España vivió ayer una jornada histórica tras conquistar su segundo Mundial de fútbol. La selección nacional fue recibida por el Rey Felipe VI y el presidente del Gobierno, Pedro Sánchez, para después protagonizar una multitudinaria celebración en la capital.
Después de alzar la Copa en el MetLife Stadium de Nueva York, el equipo aterrizó en Madrid a mediodía para iniciar la recepción oficial en la Zarzuela. Allí, el monarca elogió el triunfo desde una perspectiva que valoró la paciencia, la solidaridad del grupo y el impacto emocional del título, recordando que llevan "esas dos estrellas que tanto brillan" y que España vuelve a ser campeona del mundo.

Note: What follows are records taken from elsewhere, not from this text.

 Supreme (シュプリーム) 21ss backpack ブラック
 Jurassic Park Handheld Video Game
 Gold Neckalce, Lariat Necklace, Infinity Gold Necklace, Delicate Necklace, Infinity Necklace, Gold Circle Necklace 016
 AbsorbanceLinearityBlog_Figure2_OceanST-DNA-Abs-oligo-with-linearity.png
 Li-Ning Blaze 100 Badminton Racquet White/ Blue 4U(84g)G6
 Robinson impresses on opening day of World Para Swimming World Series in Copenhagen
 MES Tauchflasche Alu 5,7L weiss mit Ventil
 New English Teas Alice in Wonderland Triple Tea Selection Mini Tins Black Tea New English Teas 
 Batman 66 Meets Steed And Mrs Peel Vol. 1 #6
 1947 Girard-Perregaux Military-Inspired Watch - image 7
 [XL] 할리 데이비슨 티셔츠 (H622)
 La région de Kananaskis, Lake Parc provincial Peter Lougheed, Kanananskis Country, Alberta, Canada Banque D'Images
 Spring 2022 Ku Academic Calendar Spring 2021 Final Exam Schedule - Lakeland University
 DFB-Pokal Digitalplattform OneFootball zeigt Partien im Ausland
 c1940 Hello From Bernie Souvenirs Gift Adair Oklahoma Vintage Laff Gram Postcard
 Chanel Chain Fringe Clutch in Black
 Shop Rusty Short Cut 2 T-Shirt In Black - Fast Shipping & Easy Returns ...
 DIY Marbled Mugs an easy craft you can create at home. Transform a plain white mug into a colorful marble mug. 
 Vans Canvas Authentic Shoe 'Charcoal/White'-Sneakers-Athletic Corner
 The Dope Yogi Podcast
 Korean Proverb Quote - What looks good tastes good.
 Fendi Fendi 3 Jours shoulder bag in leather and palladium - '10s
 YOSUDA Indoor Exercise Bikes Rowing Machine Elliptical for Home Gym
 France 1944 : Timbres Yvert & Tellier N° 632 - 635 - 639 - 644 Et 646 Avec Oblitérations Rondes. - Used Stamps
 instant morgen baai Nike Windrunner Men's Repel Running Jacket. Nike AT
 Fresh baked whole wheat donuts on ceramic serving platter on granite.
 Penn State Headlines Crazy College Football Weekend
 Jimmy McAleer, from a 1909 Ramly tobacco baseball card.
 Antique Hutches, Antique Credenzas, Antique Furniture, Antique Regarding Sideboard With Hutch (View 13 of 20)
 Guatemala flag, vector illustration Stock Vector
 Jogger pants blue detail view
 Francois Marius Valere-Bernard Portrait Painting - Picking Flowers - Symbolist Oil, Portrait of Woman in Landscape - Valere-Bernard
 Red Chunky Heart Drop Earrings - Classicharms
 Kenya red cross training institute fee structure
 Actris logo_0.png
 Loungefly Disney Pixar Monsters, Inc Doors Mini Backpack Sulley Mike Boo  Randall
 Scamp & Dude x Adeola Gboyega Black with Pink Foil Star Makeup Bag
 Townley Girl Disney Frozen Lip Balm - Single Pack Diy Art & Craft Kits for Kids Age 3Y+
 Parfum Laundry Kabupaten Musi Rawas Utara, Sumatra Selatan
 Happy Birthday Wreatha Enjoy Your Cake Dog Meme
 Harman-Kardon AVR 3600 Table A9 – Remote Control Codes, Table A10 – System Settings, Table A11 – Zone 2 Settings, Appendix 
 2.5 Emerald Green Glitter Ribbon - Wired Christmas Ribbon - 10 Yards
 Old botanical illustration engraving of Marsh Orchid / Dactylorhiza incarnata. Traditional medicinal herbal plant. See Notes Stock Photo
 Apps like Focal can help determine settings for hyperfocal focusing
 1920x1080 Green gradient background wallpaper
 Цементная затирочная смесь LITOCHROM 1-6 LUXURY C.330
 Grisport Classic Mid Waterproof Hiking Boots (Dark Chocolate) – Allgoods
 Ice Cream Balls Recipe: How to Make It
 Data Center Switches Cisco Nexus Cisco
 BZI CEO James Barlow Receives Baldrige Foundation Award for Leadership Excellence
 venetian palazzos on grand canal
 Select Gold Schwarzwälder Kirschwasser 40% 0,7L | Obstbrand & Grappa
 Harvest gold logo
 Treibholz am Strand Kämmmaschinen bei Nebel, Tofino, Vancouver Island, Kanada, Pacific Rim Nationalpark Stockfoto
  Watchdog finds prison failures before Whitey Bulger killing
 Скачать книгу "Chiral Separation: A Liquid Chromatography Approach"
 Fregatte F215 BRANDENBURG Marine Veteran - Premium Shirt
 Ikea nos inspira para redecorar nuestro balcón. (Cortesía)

La delegación se desplazó luego al Palacio de la Moncloa, donde Sánchez transmitió su reconocimiento al cuerpo técnico y a los jugadores, agradeciendo la ilusión generada y confiando en que el equipo siga dando motivos para soñar, especialmente de cara al Mundial de 2030.
A partir de la tarde comenzó uno de los momentos más esperados: el tradicional recorrido en autobús descapotable por el centro de Madrid. Partiendo de Moncloa, cientos de miles de personas se congregaron en las calles para animar a los campeones, ondeando banderas, cantando y lanzando bengalas. Ferran Torres, héroe en la final, se convirtió en uno de los jugadores más ovacionados al mostrar repetidamente el trofeo a los aficionados.
La celebración no solo fue un desfile, también tuvo una amplia programación musical con artistas destacados como Aitana, Ana Mena, Lola Índigo, Arde Bogotá y Viva Suecia. El acto culminó en la plaza de Cibeles, donde la selección ofreció un emotivo espectáculo sobre el escenario rodeado de seguidores y al ritmo de cánticos, confirmando que el fútbol sigue siendo un potente factor de unión social en España.
El impacto de la victoria trasciende lo deportivo. Según la Confederación Empresarial de Hostelería de España, el campeonato ha impulsado notablemente el sector horeca, con incrementos del 25-30% en facturación durante los partidos y una afluencia elevada incluso en encuentros sin participación española. No obstante, este beneficio ha sido desigual, ya que algunos restaurantes han sufrido pérdidas durante cenas debido al cambio en los hábitos de consumo.
El triunfo en Catar y la celebración en Madrid recuperan el espíritu triunfante vivido hace dieciséis años con la primera estrella en Sudáfrica, dando un impulso a la identidad colectiva y a la economía relacionada con el fútbol. Además, el Instituto Geográfico Nacional detectó vibraciones sísmicas en el territorio español ocasionadas por la celebración masiva tras el gol de la prórroga, un dato que refleja la magnitud del entusiasmo generado.
Esta doble dimensión —de conquista deportiva y fenómeno social— muestra el poder del fútbol como motor de cohesión y alegría en España. La selección, con figuras como Rodri y Ferran Torres, ya mira hacia nuevos objetivos, mientras el país disfruta de un merecido baño de masas que quedará en la memoria colectiva y que, según Sánchez, debe ser el punto de partida para seguir soñando en el futuro.
Más información detallada puede consultarse en los comunicados oficiales de la Real Federación Española de Fútbol y en el Instituto Geográfico Nacional.
Este éxito deportivo coincide con una notable repercusión económica y social, que enlaza con otros grandes eventos deportivos internacionales que España ha vivido como país anfitrión o protagonista, reafirmando su presencia en el mapa futbolístico global.